**EXERCISE DETAILS**
Below is a listing to repeat exactly, with its pictures left out.

**DATA EXCERPT**
———

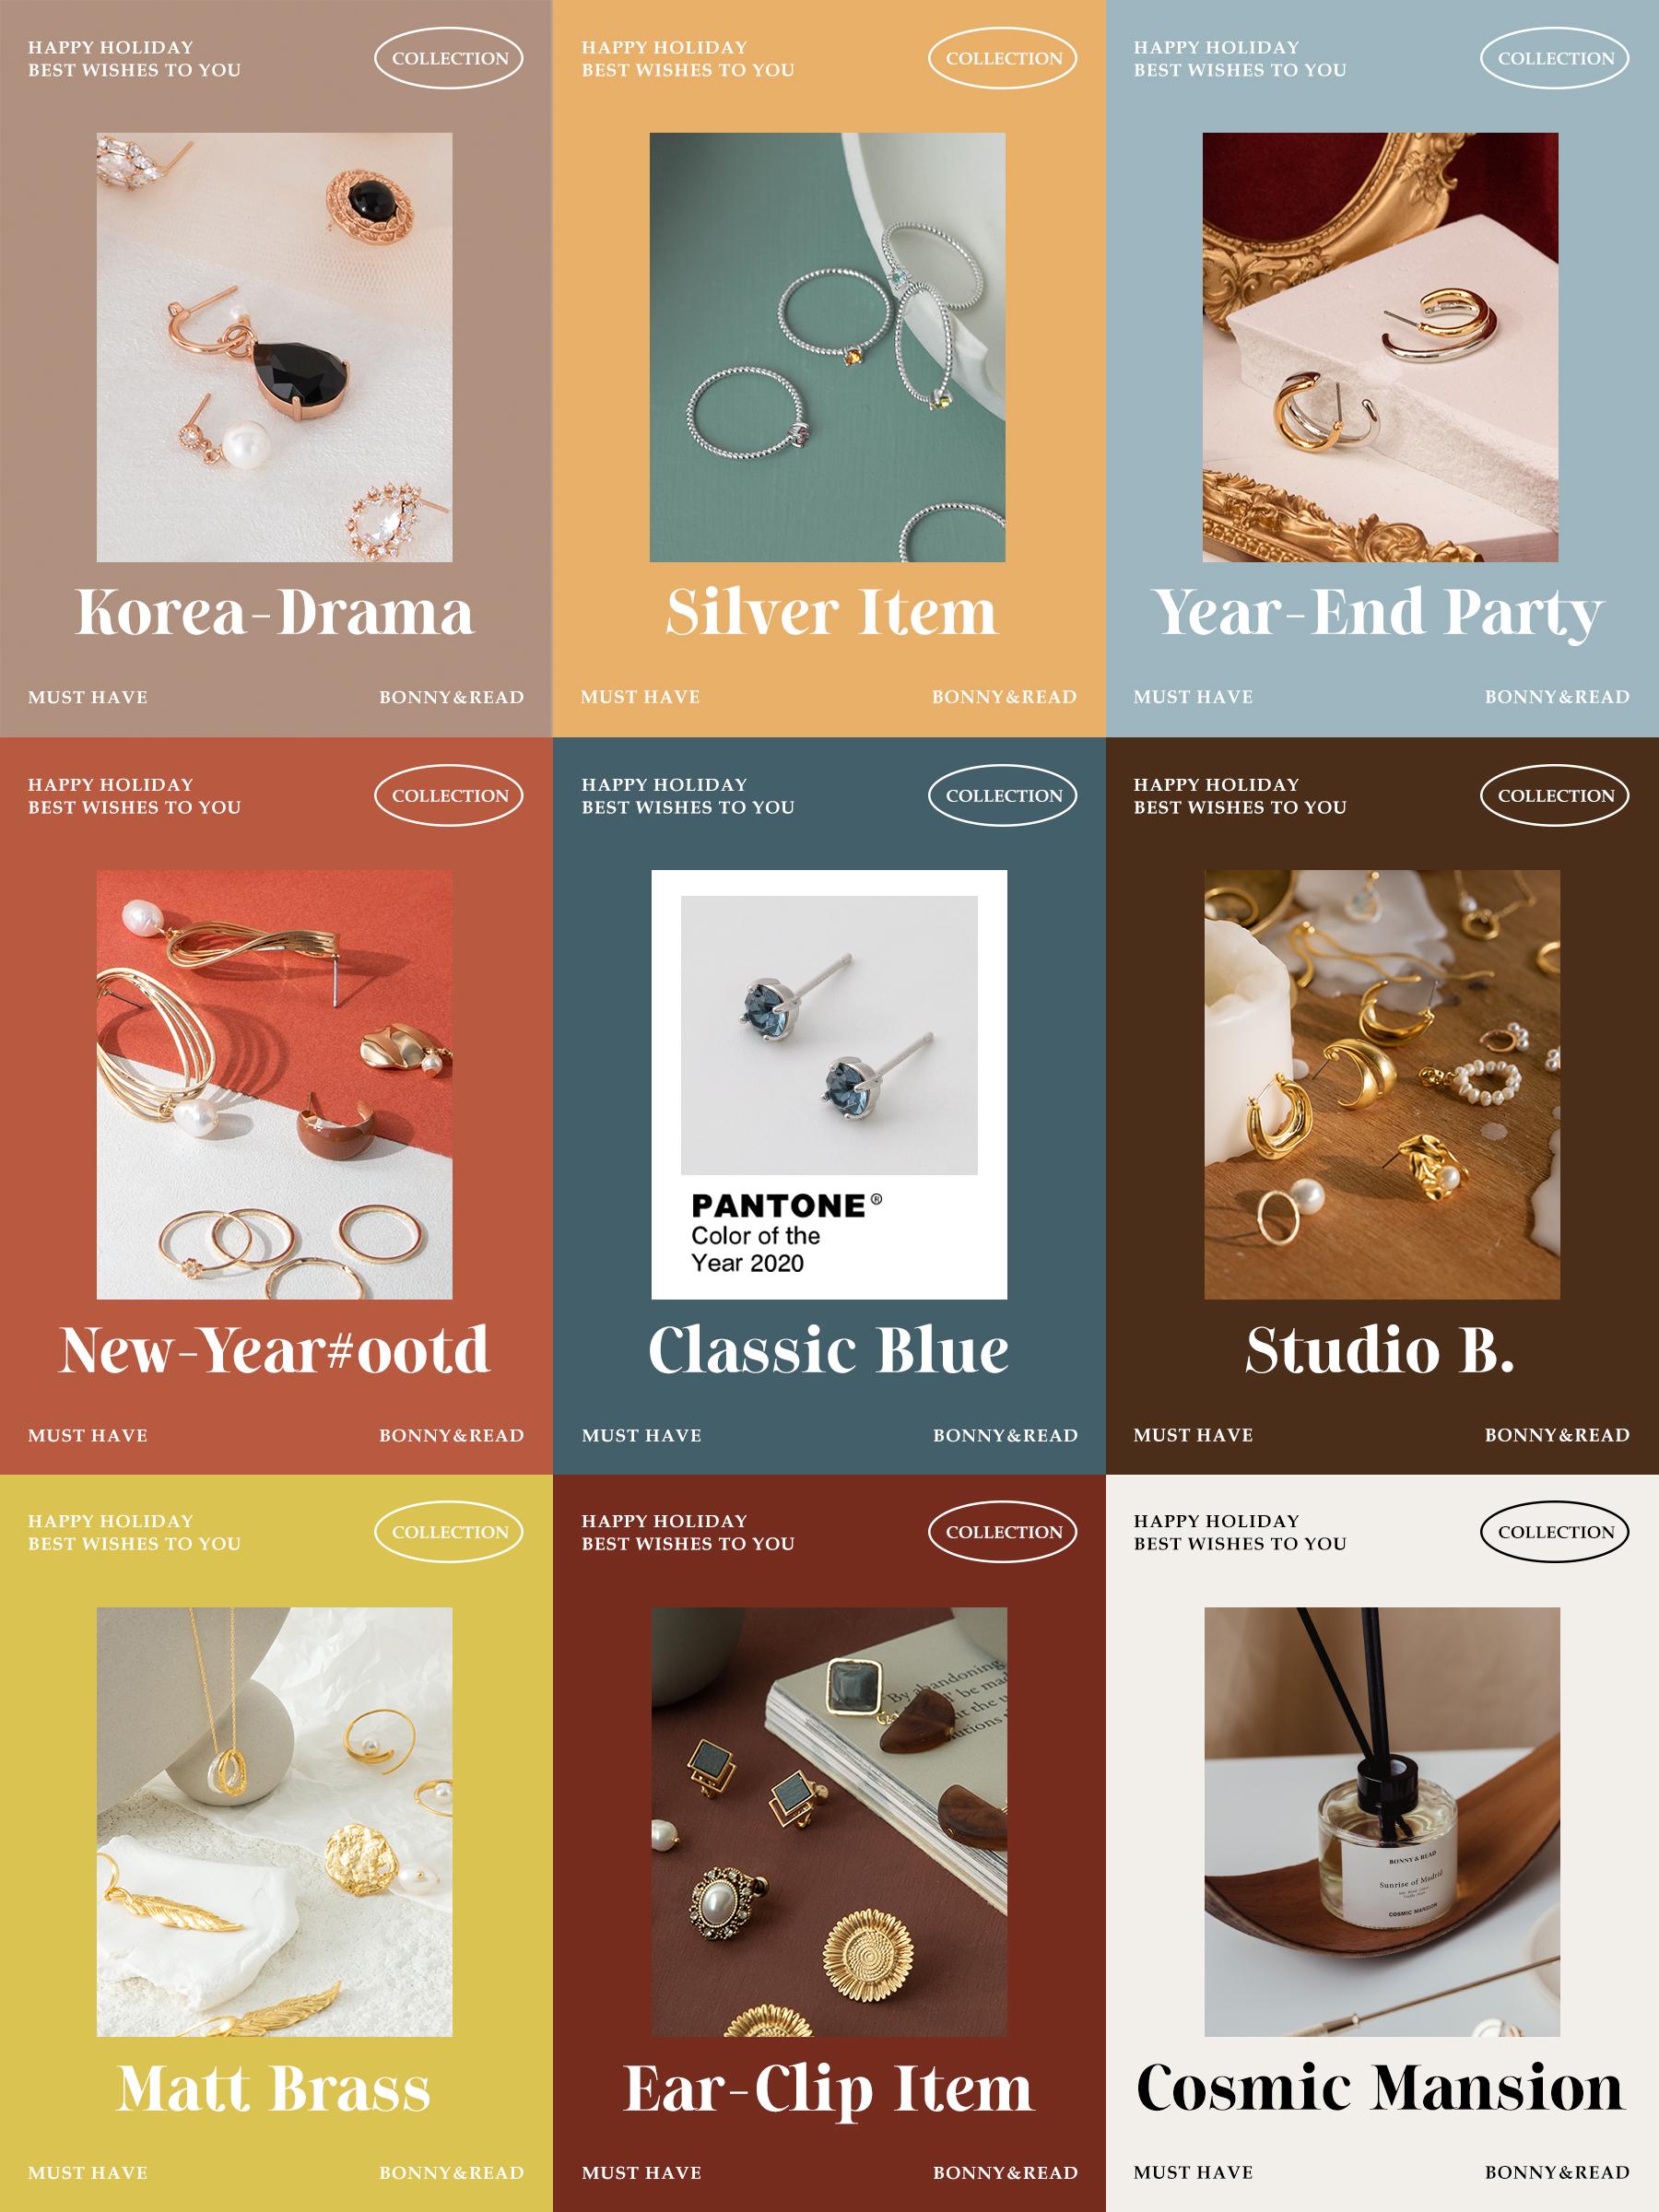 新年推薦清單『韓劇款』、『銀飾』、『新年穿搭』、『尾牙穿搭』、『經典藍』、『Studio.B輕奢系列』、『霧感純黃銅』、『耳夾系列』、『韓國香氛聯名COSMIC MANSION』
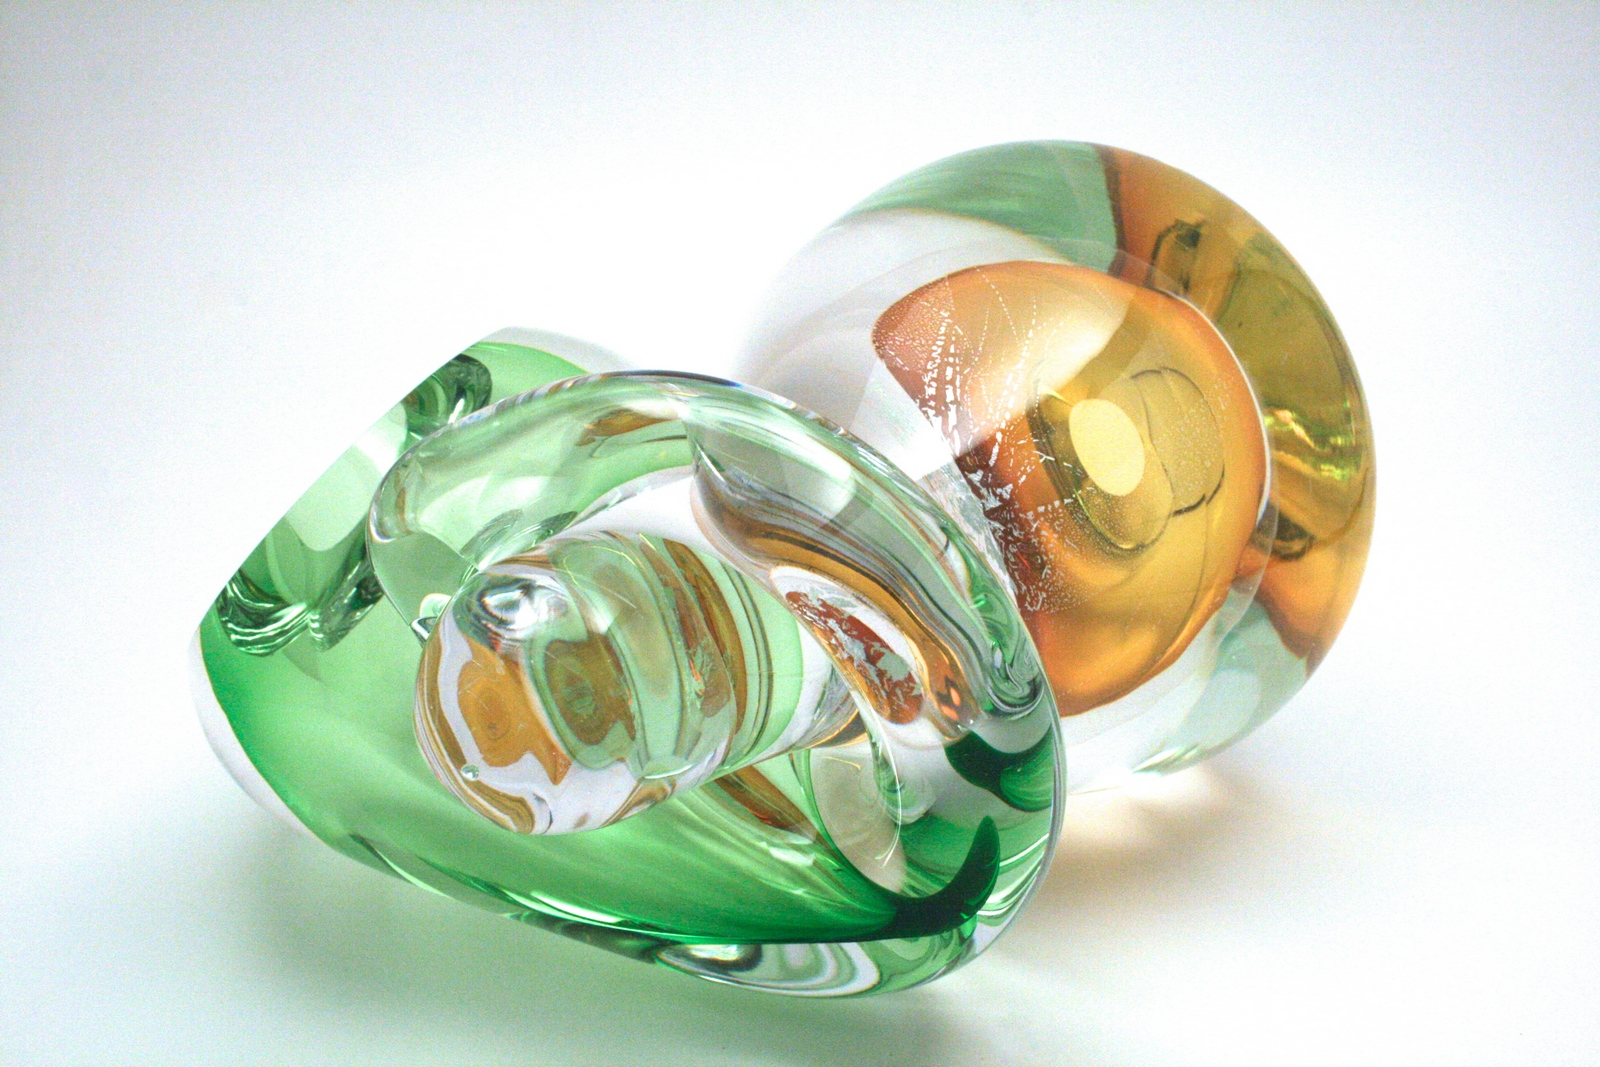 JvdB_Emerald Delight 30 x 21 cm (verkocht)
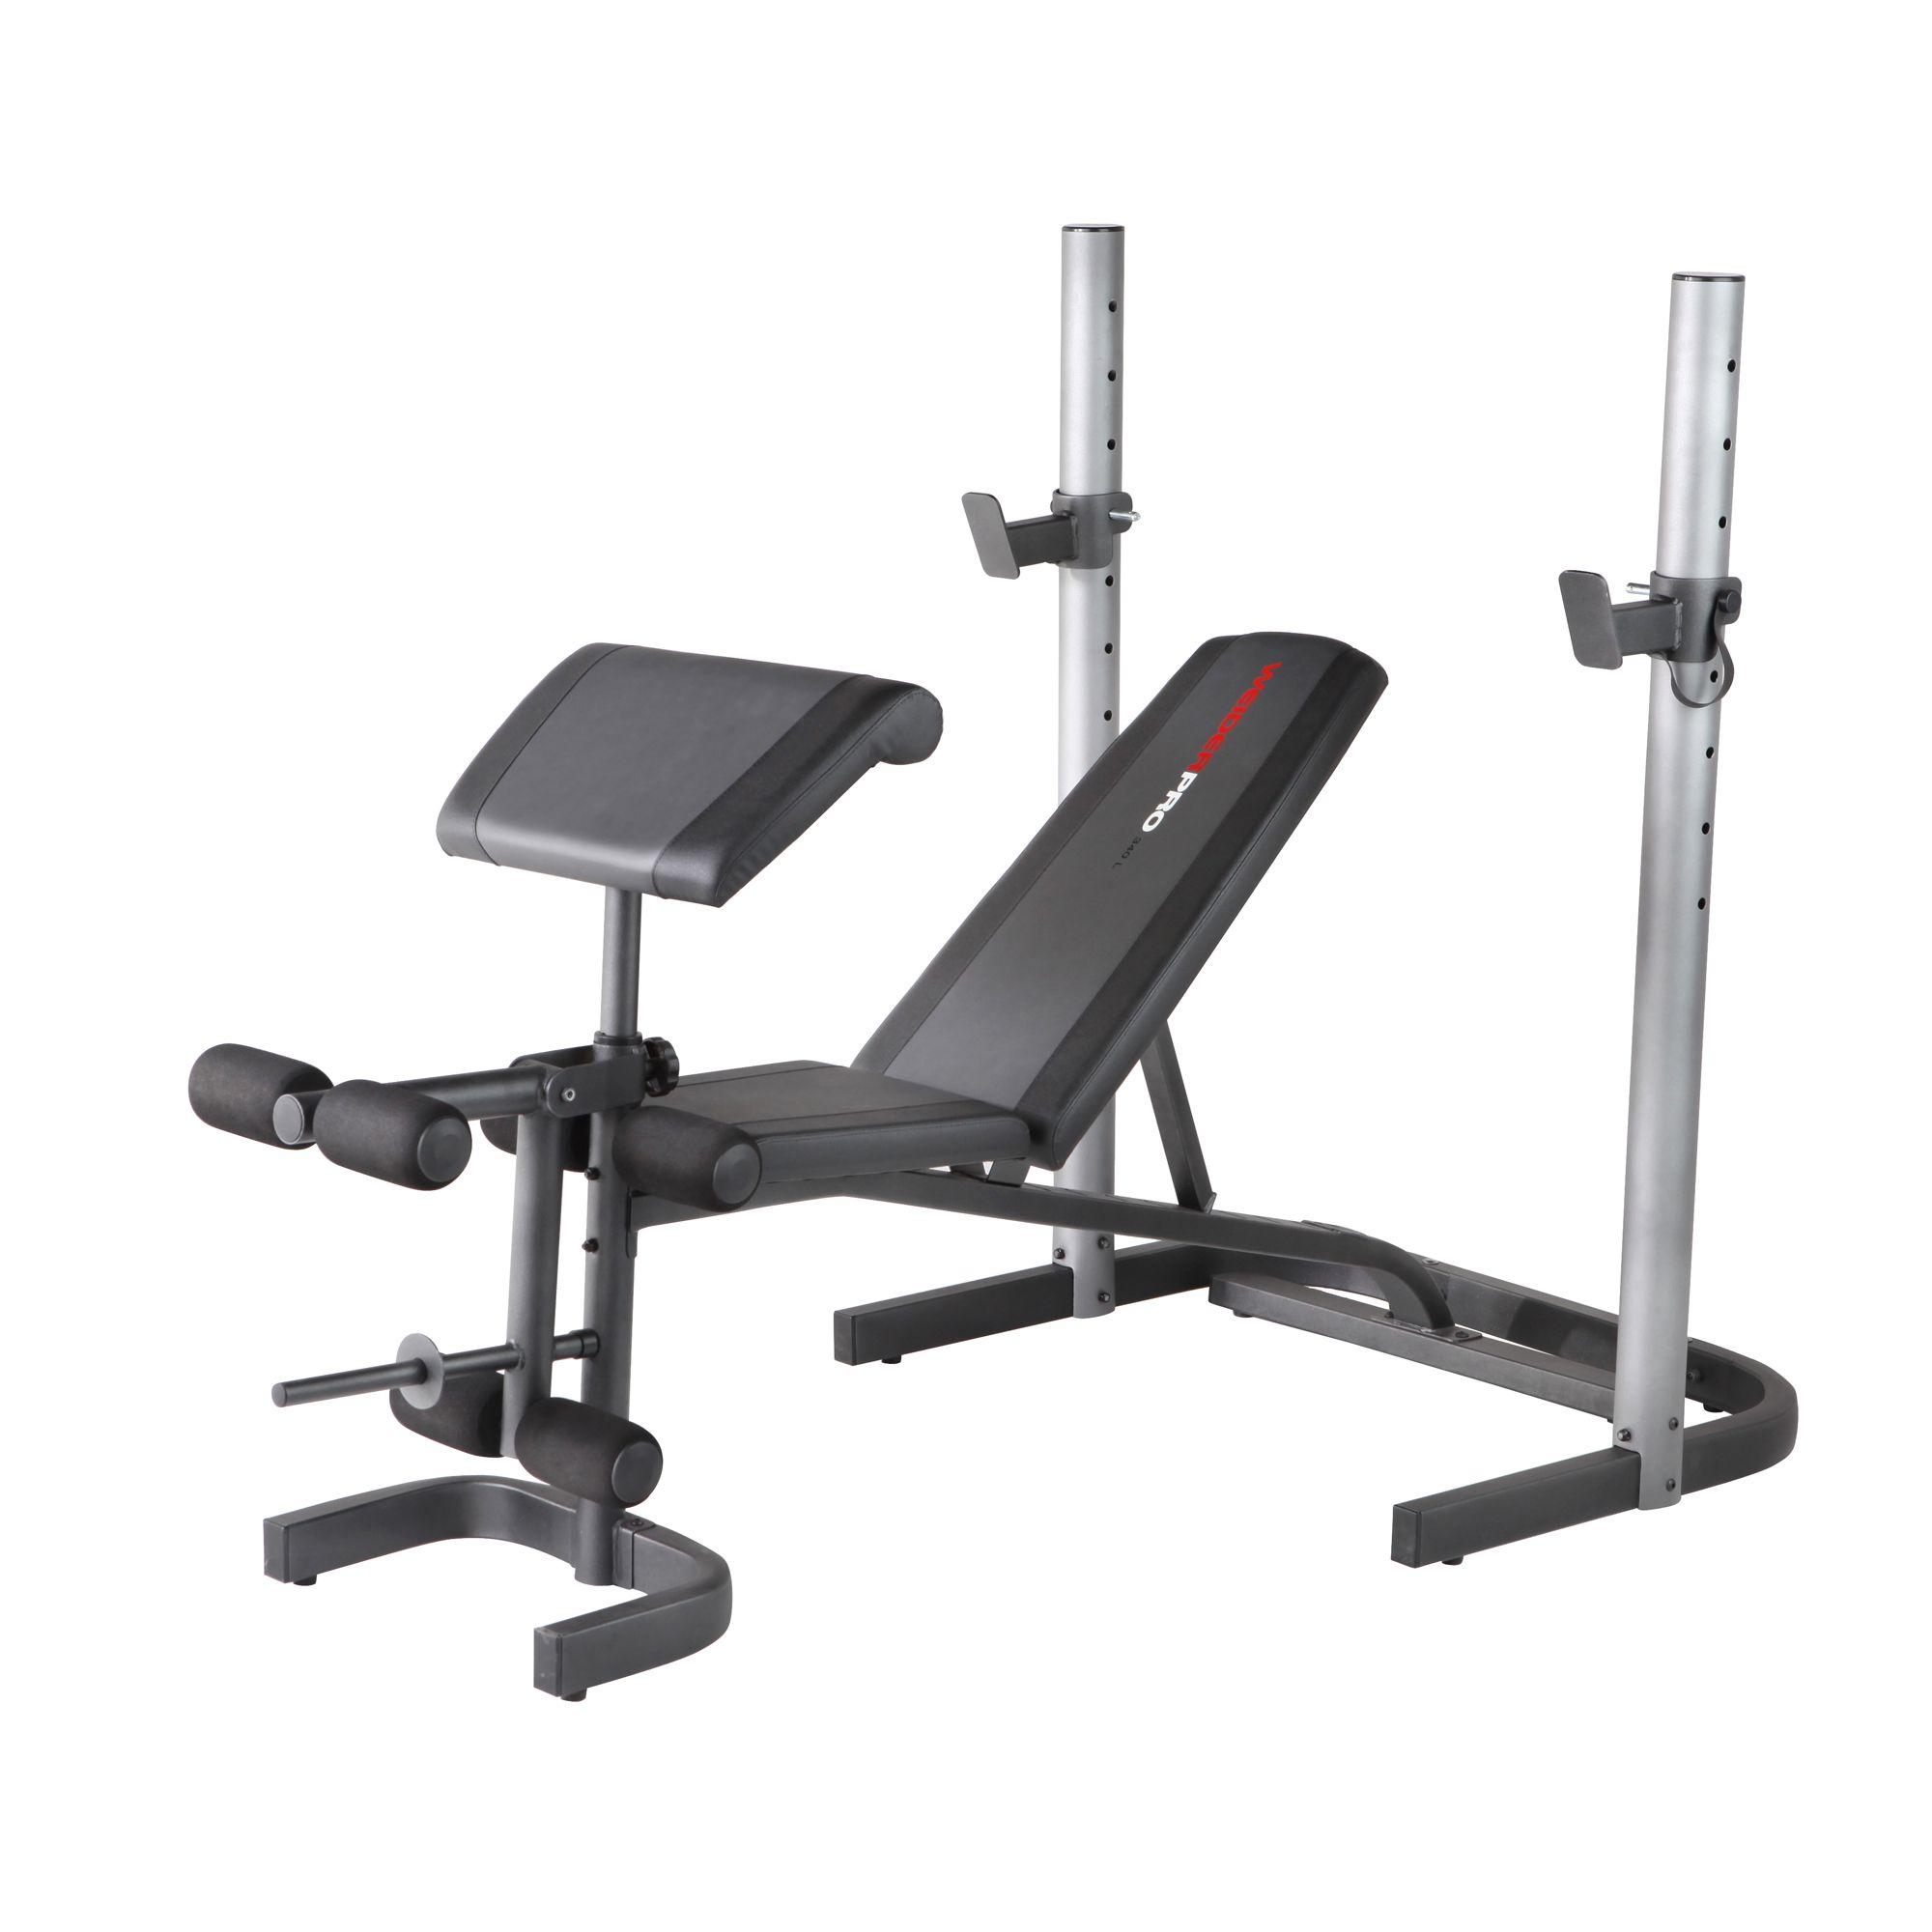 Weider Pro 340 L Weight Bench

———

**FINISHED TASK**
 新年推薦清單『韓劇款』、『銀飾』、『新年穿搭』、『尾牙穿搭』、『經典藍』、『Studio.B輕奢系列』、『霧感純黃銅』、『耳夾系列』、『韓國香氛聯名COSMIC MANSION』
 JvdB_Emerald Delight 30 x 21 cm (verkocht)
 Weider Pro 340 L Weight Bench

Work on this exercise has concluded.